_Information provided:_

[Start of section]

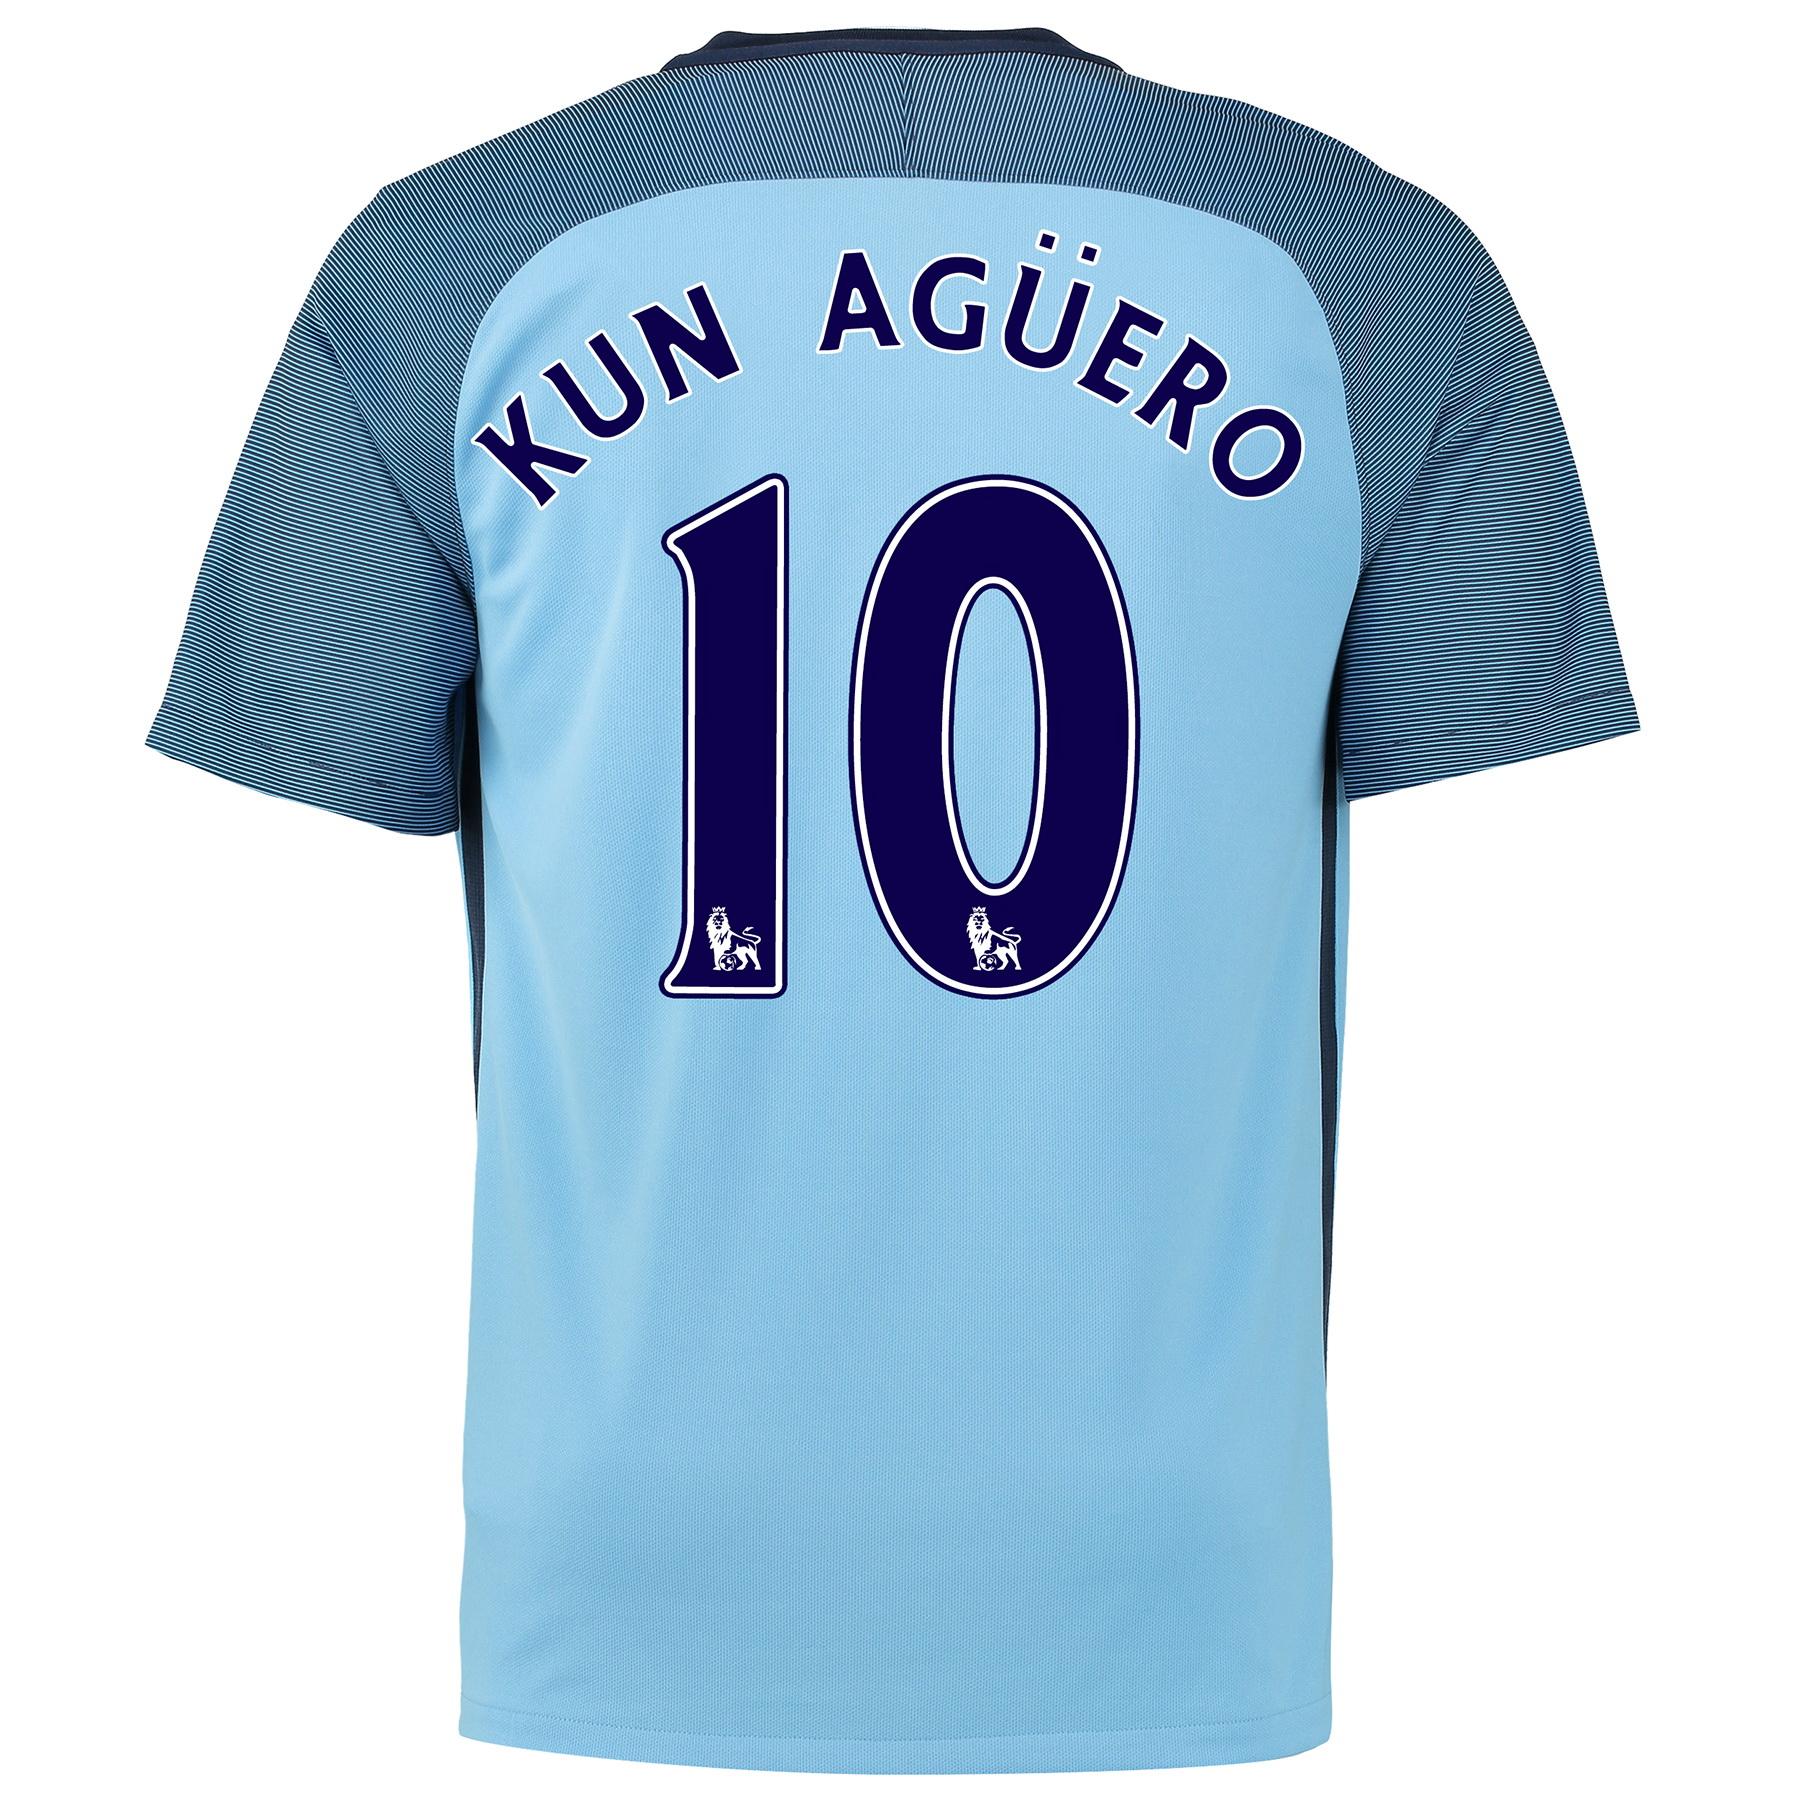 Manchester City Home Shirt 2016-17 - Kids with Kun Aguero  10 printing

[End of section]
[Start of section]

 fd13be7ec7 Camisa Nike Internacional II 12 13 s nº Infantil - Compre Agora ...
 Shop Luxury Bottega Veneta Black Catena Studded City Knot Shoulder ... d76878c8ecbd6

[End of section]
[Start of section]

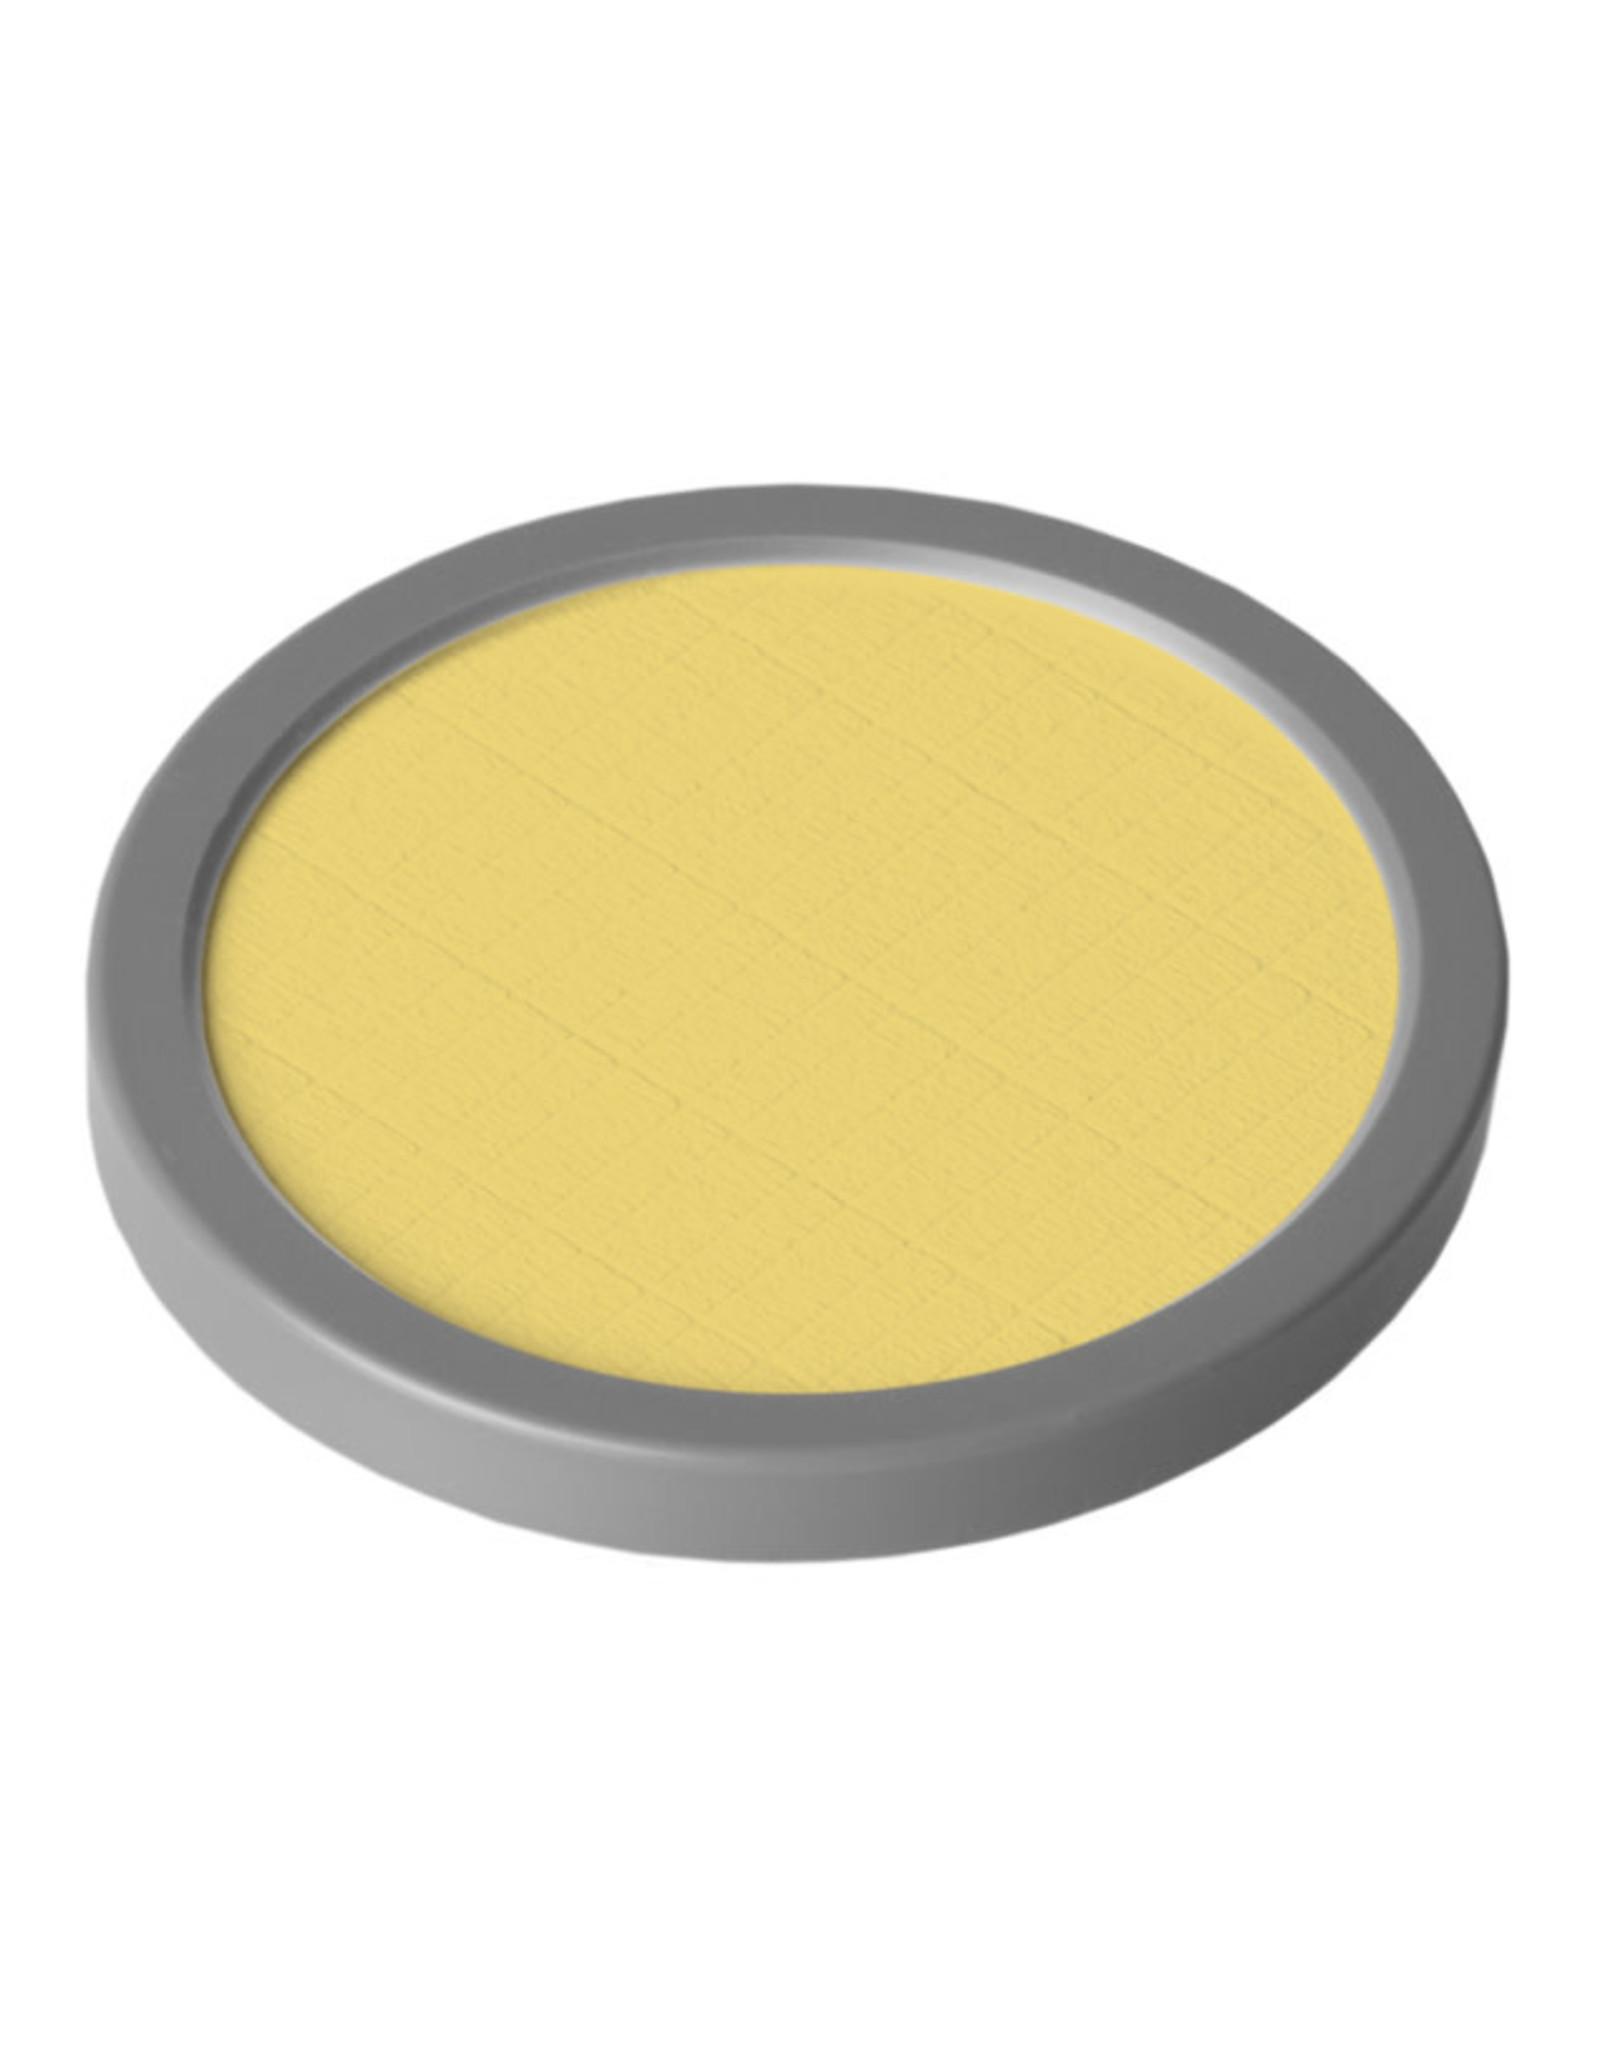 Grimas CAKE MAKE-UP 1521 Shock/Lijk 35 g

[End of section]

_Exercise brief:_ What is needed is an exact copy of the lines above, from the one containing "fd13be7ec7 Camisa Nike" through the one containing "Shop Luxury Bottega", with nothing added.

_Answer space:_
 fd13be7ec7 Camisa Nike Internacional II 12 13 s nº Infantil - Compre Agora ...
 Shop Luxury Bottega Veneta Black Catena Studded City Knot Shoulder ... d76878c8ecbd6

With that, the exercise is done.